Danu menaikkan sebelah alisnya, menangkap basah sikap protektif Bima yang sangat agresif siang ini. Namun, Danu tidak terpancing untuk emosi. Ia justru terkekeh pelan, menatap Bima dengan senyum menantang yang elegan. "Gue cuma nanya Kirana, Bim. Opsi tumpangan itu hak dia buat milih. Lagian kalau cuma evaluasi draf, bukannya bisa dikerjain sambil makan sore? Gue bisa sekalian temani kalian kalau emang itu urusan proyek."
"Nggak perlu. Struktur kerja tim gue sifatnya tertutup," balas Bima lempeng, mutlak, dan tidak menerima negosiasi dalam bentuk apa pun.
Kirana menatap punggung lebar Bima di depannya dengan mata membelalak. Sejak kapan jadwal evaluasi draf proyek mereka mendadak dipindahkan ke jam empat sore ini? Bukankah tadi di dalam ruangan dosen mereka sudah sepakat kalau revisi baru akan dimulai besok malam via Google Docs? Kirana ingin sekali memprotes dan menjewer lengan kemeja Bima, namun melihat ketegangan yang nyata di antara kedua cowok seangkatan ini, ia memilih untuk menahan diri demi keselamatan reputasinya di koridor kampus.
Danu akhirnya menghela napas pelan, menyadari bahwa mengeras di depan Bima saat ini hanya akan membuat suasana semakin tidak kondusif bagi Kirana. Ia mundur setengah langkah, lalu menatap Kirana dari balik bahu Bima. "Ya sudah kalau begitu, Ra. Aku duluan ya, buku-bukunya harus segera aku balikin ke perpus soalnya. Sampai ketemu nanti, ya."
"Iya, Kak. Hati-hati ya," jawab Kirana dengan senyum canggung yang dipaksakan.
Danu mengangguk tegas ke arah Bima. "Duluan, Bim."
Bima hanya membalas dengan anggukan kepala yang sangat tipis, nyaris tidak terlihat. Matanya terus mengawal langkah kaki Danu sampai cowok flanel itu benar-benar menuruni tangga koridor dan hilang di balik belokan gedung.
Begitu situasi kembali sunyi, Bima langsung berbalik, menatap Kirana dengan tatapan yang sangat ketus dan tidak santai. "Supnya enak?" tanya Bima mendadak, intonasi suaranya terdengar sangat sinis dan tajam.
Kirana tersentak, dahi indahnya berkerut dalam. "Hah? Apaan sih, Bim? Tiba-tiba nanya sup."

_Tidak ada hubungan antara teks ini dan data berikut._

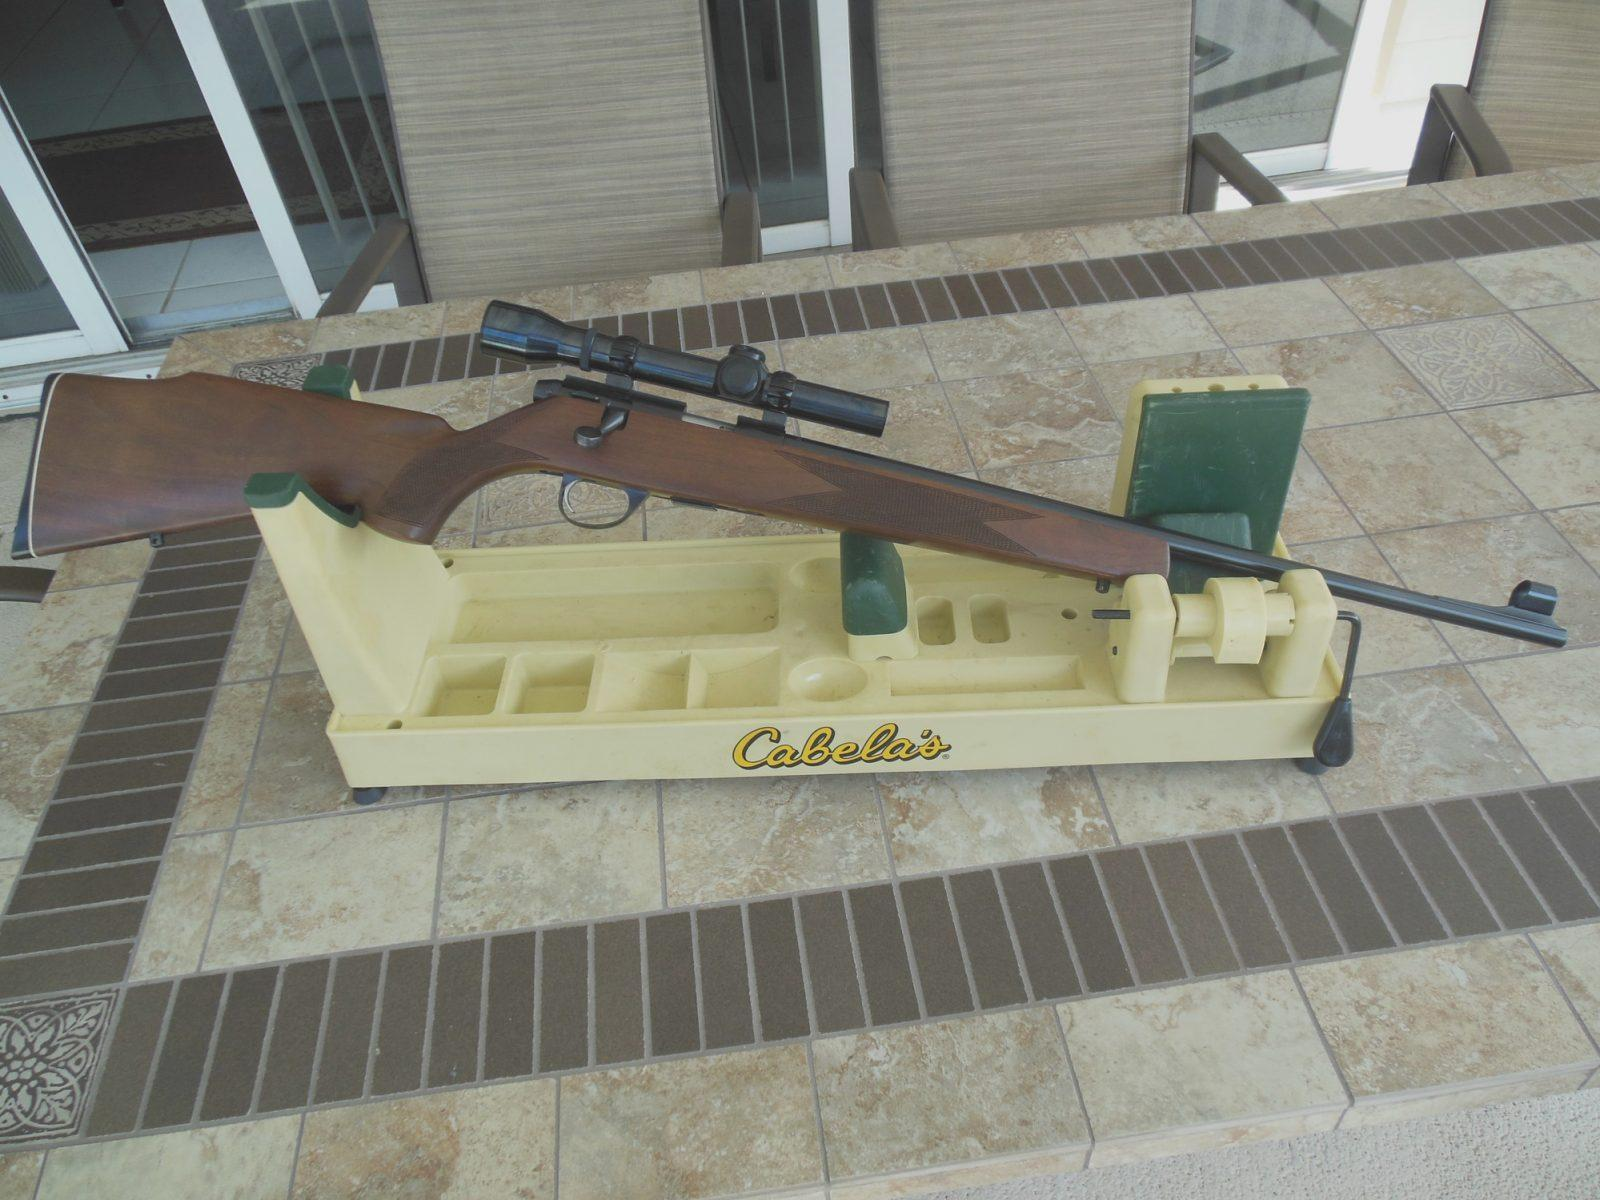 Sako P72 with scope mounted

"Jus jeruk sama sup ayam ginseng. Logistik lo mewah banget semenjak sekelompok sama gue," sindir Bima lagi, sambil melangkah berjalan mendahului Kirana menuju arah parkiran motor tanpa menunggu balasan.
Kirana yang ditinggal begitu saja langsung mendengus kesal, menghentakkan kakinya ke lantai keramik sebelum akhirnya berlari kecil mengejar langkah lebar asisten lab Teknik tersebut.
"Bima! Tungguin gue! Lo utang penjelasan ya, sejak kapan kita ada jadwal evaluasi jam empat sore ini, hah?!" teriak Kirana kesal, mengabaikan fakta bahwa jantungnya di dalam sana sedang berdegup dengan ritme yang luar biasa berantakan karena sadar dirinya baru saja diperebutkan.